Мы жили уже около года в этом доме, когда началась очень ранняя и суровая зима. У меня не было ни башмаков, ни теплого платья. Будучи в такой крайности, я отыскала пару белых атласных башмаков, оставшихся у меня от прежних времен, замазала их чернилами и надевала, когда приходилось выходить из дому. Мне казалось, что я иду босая по мостовой. Вскоре я простудилась и заболела очень тяжелой болезнью желудка. Так как я не могла лечиться, а должна была выходить и работать, мое состояние, конечно, ухудшилось. Мне тем более было трудно беречь себя, что военная администрация перестала давать шитье на дом, и моя мать уже несколько месяцев сидела без работы.

Тяжелые времена наступили для нас. Всякое утро я вставала и принималась за работу, но сильные боли заставляли меня бросать ее. Я могла принимать только жидкую пищу и с каждым днем слабела все больше и больше. Все, что имело хоть какую-нибудь ценность, в том числе и мое единственное платье, было заложено или продано. Соседняя торговка овощами в продолжение нескольких недель отпускала нам в кредит картофель, сперва на два крейцера в день, потом на один и наконец совсем отказалась. Молочница оказалась менее жестокой. Это была бедная крестьянка, которой приходилось каждое утро проходить пешком несколько верст, чтобы добраться до города, неся тяжелые кувшины на голове. Когда мы уже не были в состоянии платить ей, она ничего не сказала нам, но, по-прежнему добрая и ласковая, продолжала доставлять нам молоко. Если бы не доброта этой крестьянки, меня, наверное, не было бы в живых, так как молоко было и то время моей единственной пищей. Доктор и аптекарь оказались тоже очень гуманными.

* * *

Моя мать, которая была очень полной, в несколько педель исхудала в высшей степени. Голод мучил ее день и ночь. Чтобы заглушить его, она пела псалмы или читала потрепанный молитвенник. От голода у нее сделалась лихорадка, и иногда ночью, когда мне было лучше, она садилась возле моей кровати, и я видела, как пот прямо лил по ее дрожавшему телу; мы молча смотрели тогда друг на друга и плакали. Когда голод становился невыносимым, она вставала ночью, когда весь дом мирно спал, тихонько пробиралась во двор и рылась в сорном ящике в надежде найти куски черствого хлеба, выброшенные прислугой или пекарями. Она очищала, размачивала в воде и с жадностью глотала их. А когда запах горячего хлеба поднимался по всему дому, она становилась возле дверей нашей комнаты и с наслаждением вдыхала его. В базарные дни она отправлялась в полдень на площадь и собирала там среди отбросов капустные листы и морковь, которые тут же съедала сырыми.

* * *

Наступило Рождество. Накануне его я в первый раз услыхала со стороны матери жалобу: мысль провести праздники голодными заставляла ее проливать слезы. Я собрала все свои силы и всю энергию, встала и уселась за работу, чтобы сшить хоть одну пару перчаток и достать ей хлеба. Пока я работала, укутанная в одеяло, с подушками за спиной, она вышла, как часто делала, чтобы насладиться зрелищем магазинных выставок.

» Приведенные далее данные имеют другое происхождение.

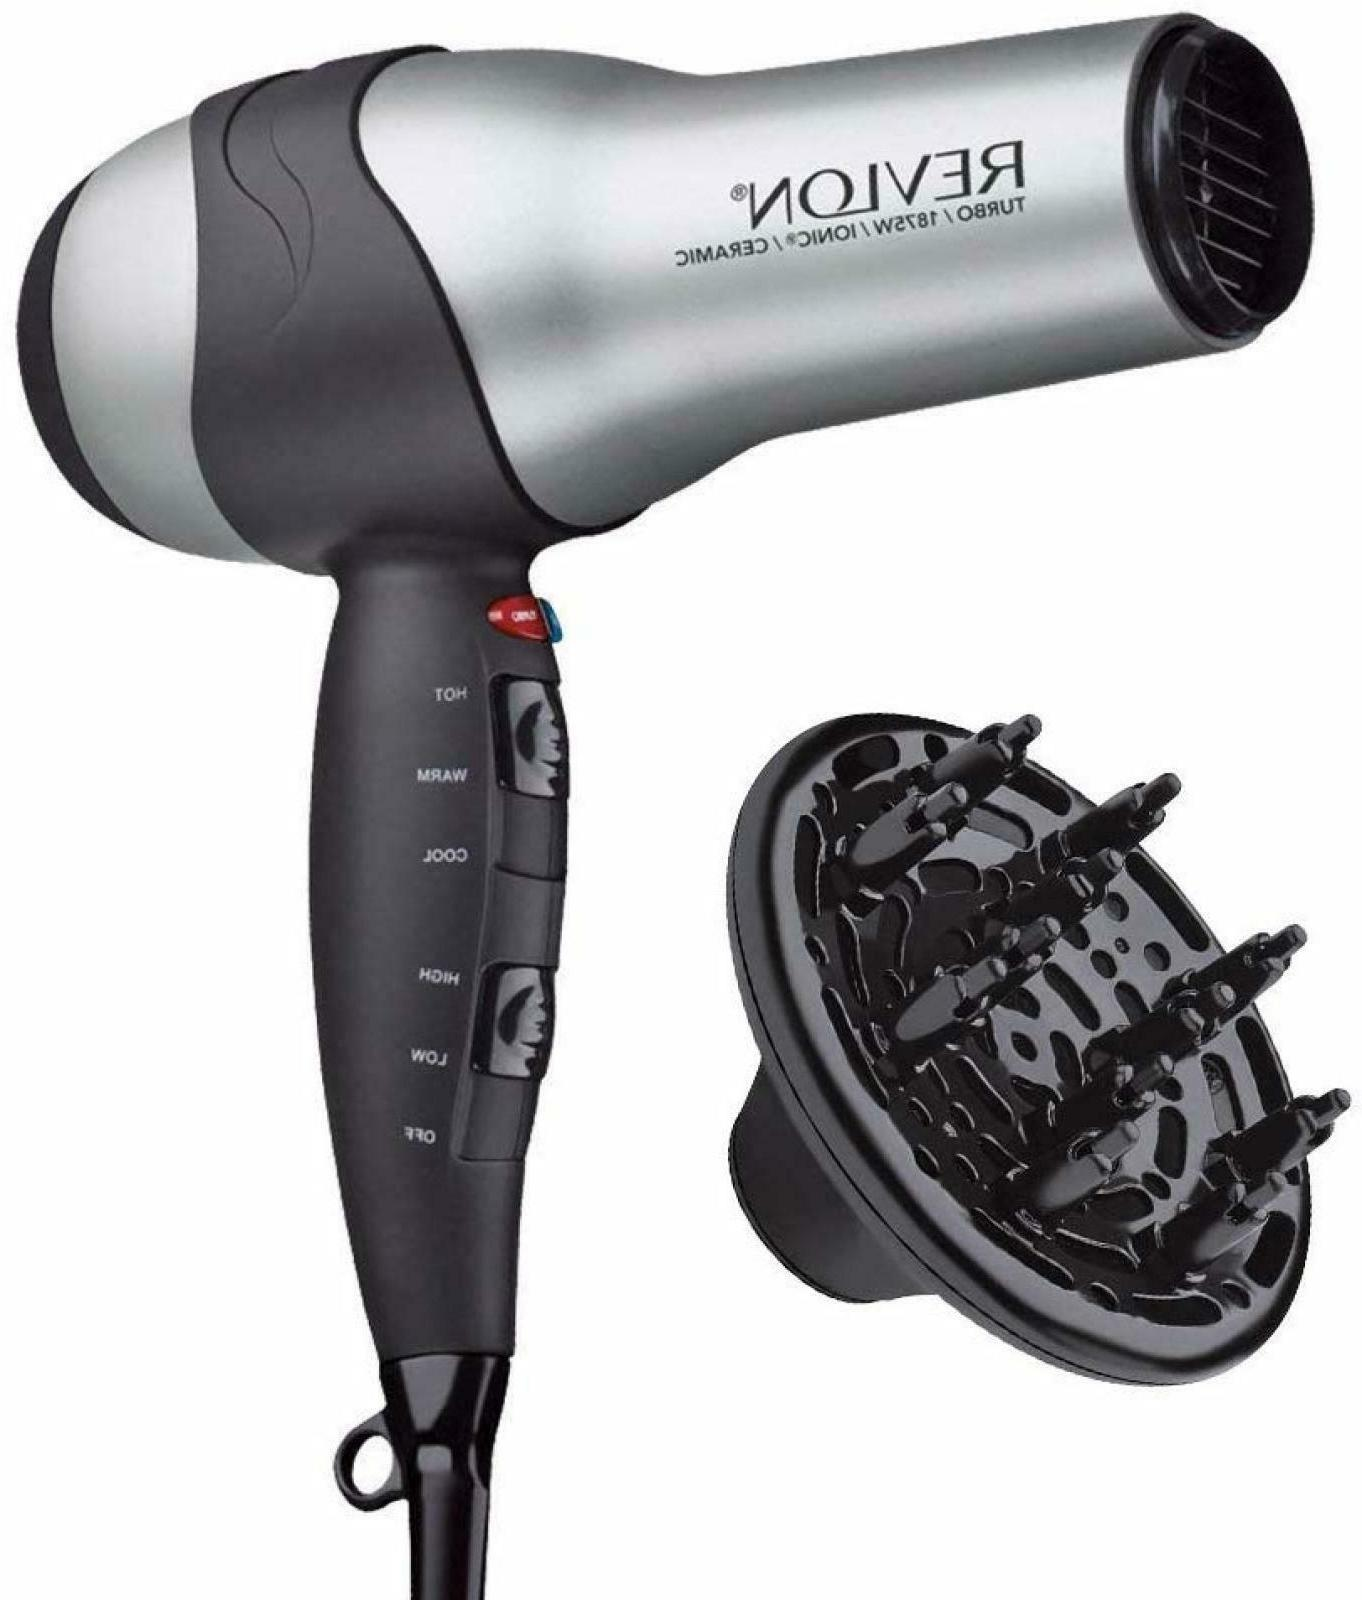 Pro Styler 1875W Infrared Tourmaline Ionic Hair Blow Dryer W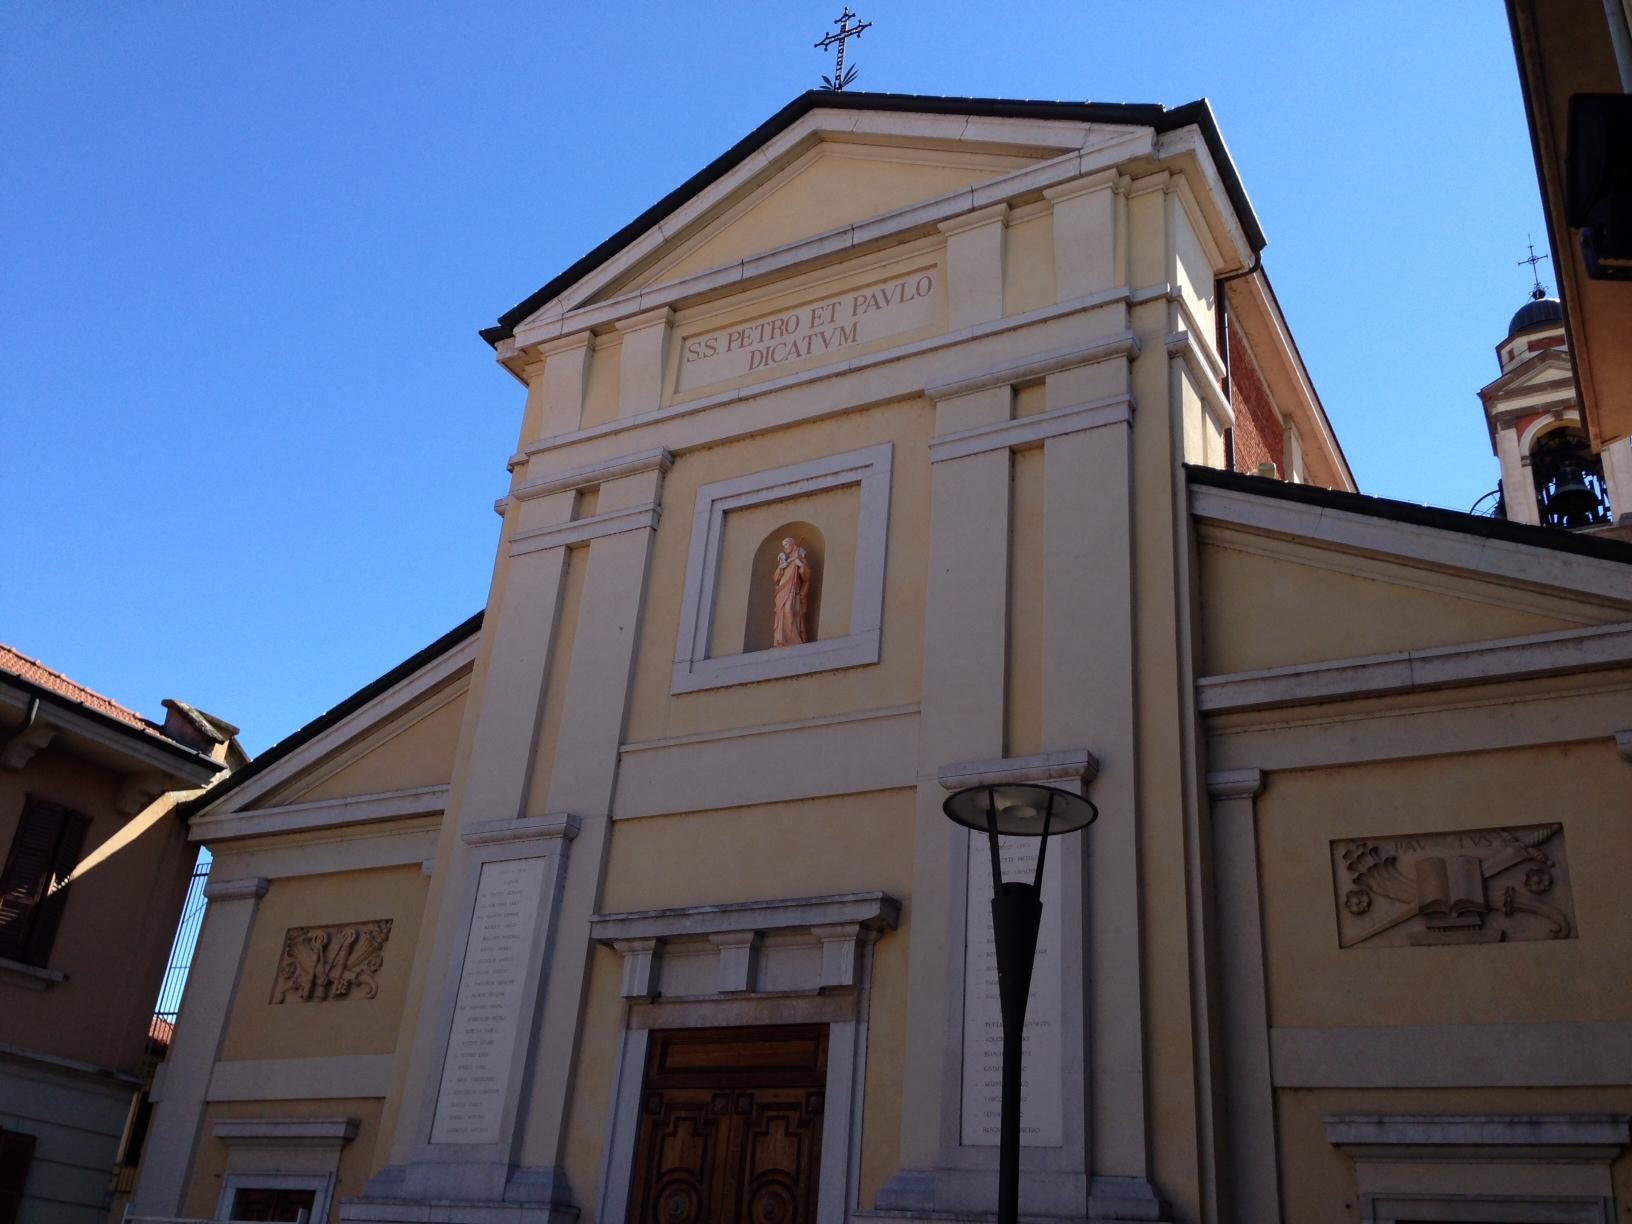 Chiesa Arese SS. Pietro e Paolo, Mi

Когда она вернулась, то нашла меня лежавшей на полу в обмороке.

Уже несколько месяцев мы были лишены освещения, но никогда мрак не казался мне таким тягостным, как в этот рождественский вечер.

Тишина этих долгах и мрачных часов была внезапно прервана звонком, раздавшимся у наших дверей. Это пришла г-жа Z, жена бакалейного торговца в нашем доме, и принесла с собой большую корзину с провизией. Несколько смущенная, она просила мою мать принять от нее рождественский подарок; она объяснила нам, что уже давно замечала наше несчастье и хотела прийти на помощь, но боялась обидеть нас; наконец в этот день, увидя из окна кухни, как я больная и обессиленная пыталась все-таки работать и как это окончательно разбило меня, она решила не медлить больше и воспользоваться праздником, чтобы прийти нам на помощь. Г-жа Z не ограничилась этим, она принесла нам угля, дров, масла и вина для меня. Рождественские праздники мы провели так, как уже давно не проводили их. И так как я, вероятно, главным образом страдала от недостатка питания, то теперь скоро поправилась и принялась за работу. Мать после праздников тоже нашла работу, и жизнь наша снова пошла своим обычным путем.

* * *

Прошло несколько лет.

Я читала очень много. Чтение заменяло мне теперь мечты, оно уносило меня от обыденной жизни.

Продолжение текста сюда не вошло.